Let \(n \in \mathbb{N}.\) Then there exists a unique alternating \(n\)-multilinear map \(f_n : M_{n,n}(\mathbb{K})\to \mathbb{K}\) satisfying \(f_n(\mathbf{1}_{n})=1.\)

Definition 9.9 • Determinant

The mapping \(f_n : M_{n,n}(\mathbb{K}) \to \mathbb{K}\) provided by Theorem 9.8 is called the determinant and denoted by \(\det.\) For \(\mathbf{A}\in M_{n,n}(\mathbb{K})\) we say \(\det(\mathbf{A})\) is the determinant of the matrix \(\mathbf{A}.\)

Remark 9.10 • Abuse of notation

It would be more precise to write \(\det_n\) since the determinant is a family of mappings, one mapping \(\det_n : M_{n,n}(\mathbb{K}) \to \mathbb{K}\) for each \(n \in \mathbb{N}.\) It is however common to simply write \(\det.\)

Example 9.11

For \(n=1\) the condition that a \(1\)-multilinear (i.e. linear) map \(f_1 : M_{1,1}(\mathbb{K}) \to \mathbb{K}\) is alternating is vacuous.
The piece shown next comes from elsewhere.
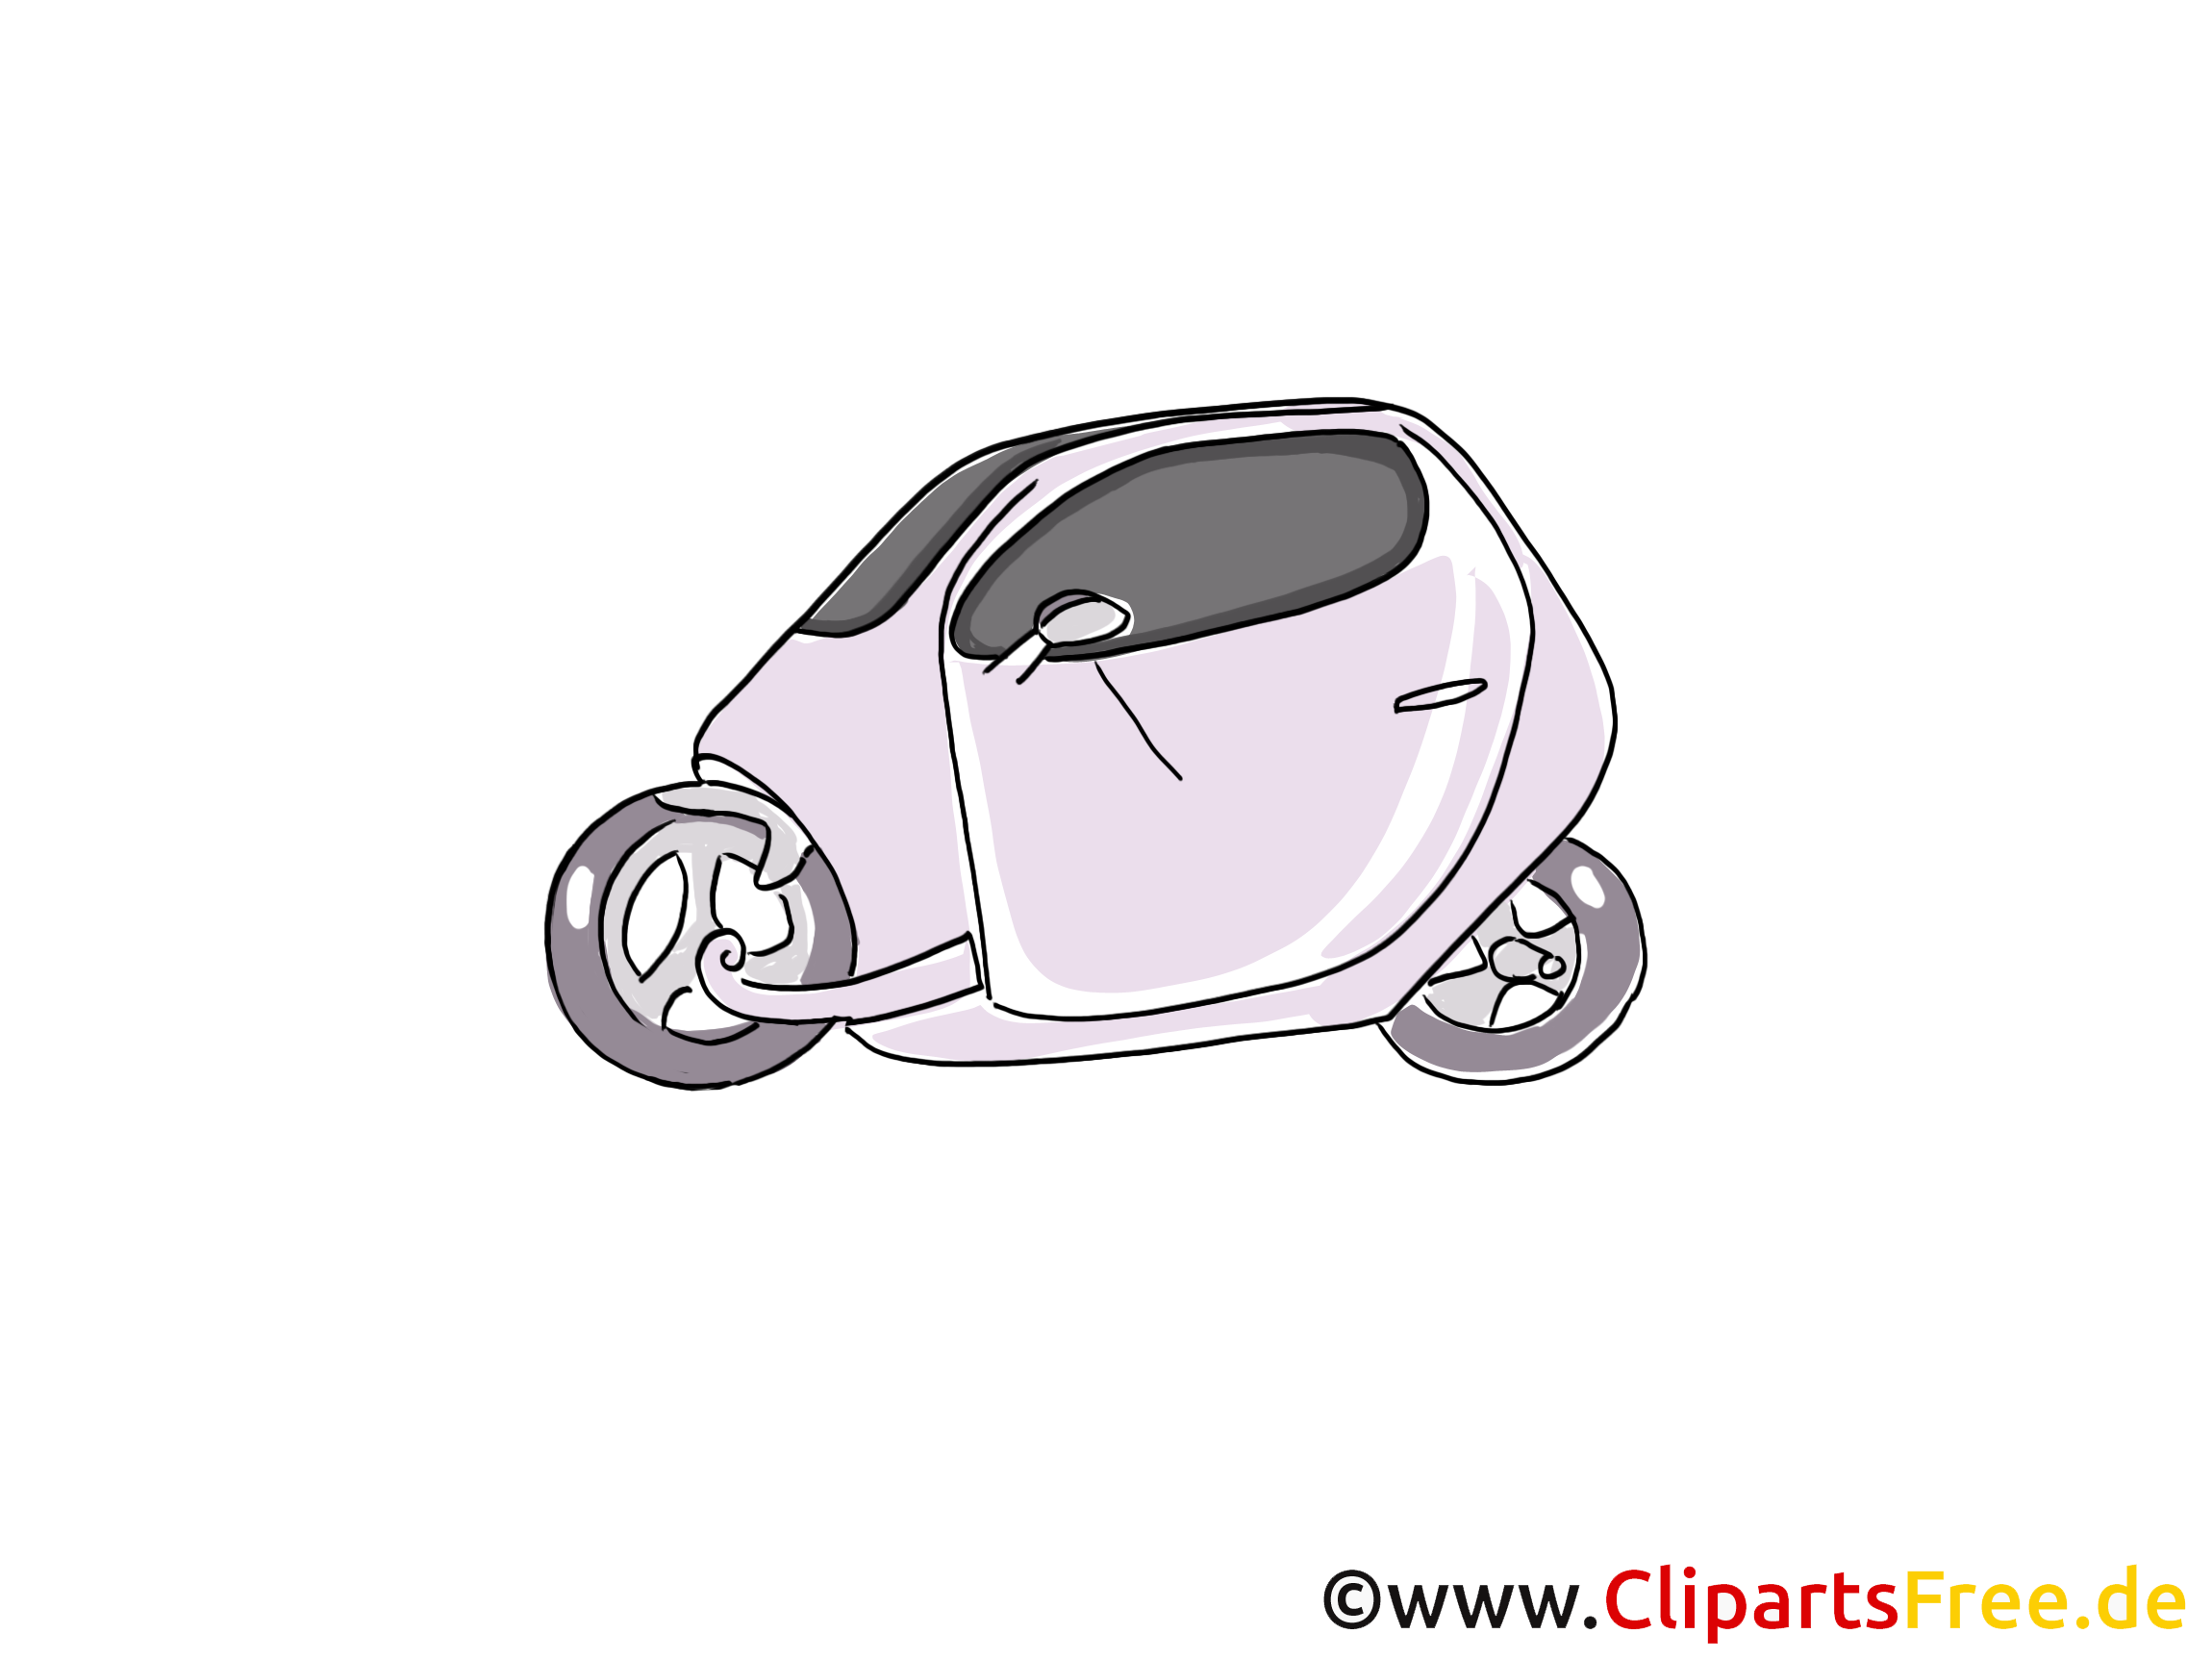 Petite voiture illustration images gratuites

So the Theorem 9.8 states that there is a unique linear map \(f_1 : M_{1,1}(\mathbb{K}) \to \mathbb{K}\) that satisfies \(f_1((1))=1.\) Of course, this is just the map defined by the rule \(f_1((a))=a,\) where \((a) \in M_{1,1}(\mathbb{K})\) is any \(1\)-by-\(1\) matrix.

Example 9.12

For \(n=2\) and \(a,b,c,d \in \mathbb{K}\) we consider the mapping \(f_2 : M_{2,2}(\mathbb{K}) \to \mathbb{K}\) defined by the rule \[\tag{9.1} f_2\left(\begin{pmatrix} a & b \\ c & d \end{pmatrix}\right)=ad-bc.\] We claim that \(f_2\) is bilinear in the rows and alternating. The condition that \(f_2\) is alternating simplifies to \(f(\mathbf{A})=0\) whenever the two rows of \(\mathbf{A}\in M_{2,2}(\mathbb{K})\) agree. Clearly, \(f_2\) is alternating, since \[f_2\left(\begin{pmatrix} a & b \\ a & b \end{pmatrix}\right)=ab-ab=0.\] Furthermore, \(f_2\) needs to be linear in each row. The additivity condition applied to the first row gives that we must have \[f_2\left(\begin{pmatrix} a_1+a_2 & b_1+b_2 \\ c & d \end{pmatrix}\right)=f_2\left(\begin{pmatrix} a_1 & b_1 \\ c & d\end{pmatrix}\right)+f_2\left(\begin{pmatrix} a_2 & b_2 \\ c & d\end{pmatrix}\right)\] for all \(a_1,a_2,b_1,b_2,c,d \in \mathbb{K}.\) Using the definition (9.1), we obtain \[\begin{aligned} f_2\left(\begin{pmatrix} a_1+a_2 & b_1+b_2 \\ c & d \end{pmatrix}\right)&=(a_1+a_2)d-c(b_1+b_2)\\ &=a_1d-cb_1+a_2d-cb_2\\ &=f_2\left(\begin{pmatrix} a_1 & b_1 \\ c & d\end{pmatrix}\right)+f_2\left(\begin{pmatrix} a_2 & b_2 \\ c & d\end{pmatrix}\right), \end{aligned}\] so that \(f_2\) is indeed additive in the first row. The \(1\)-homogeneity condition applied to the first row gives that we must have \[f_2\left(\begin{pmatrix}s a & s b \\ c & \mathrm{d}\end{pmatrix}\right)=s f_2\left(\begin{pmatrix} a & b \\ c & d \end{pmatrix}\right)\] for all \(a,b,c,d \in \mathbb{K}\) and \(s \in \mathbb{K}.\) Indeed, using the definition (9.1), we obtain \[f_2\left(\begin{pmatrix}s a & s b \\ c & \mathrm{d}\end{pmatrix}\right)=s ad-cs b=s(ad-cb)=s f_2\left(\begin{pmatrix} a & b \\ c & d \end{pmatrix}\right),\] so that \(f_2\) is also \(1\)-homogeneous in the first row. We conclude that \(f_2\) is linear in the first row. Likewise, the reader is invited to check that \(f_2\) is also linear in the second row. Furthermore, we can easily compute that \(f_2(\mathbf{1}_{2})=1.\) The mapping \(f_2\) thus satisfies all the properties of Theorem 9.8, hence by the uniqueness statement we must have \(f_2=\det\) and we obtain the formula \[\tag{9.2} \det\left(\begin{pmatrix} a & b \\ c & d \end{pmatrix}\right)=ad-cb\] for all \(a,b,c,d \in\mathbb{K}.\)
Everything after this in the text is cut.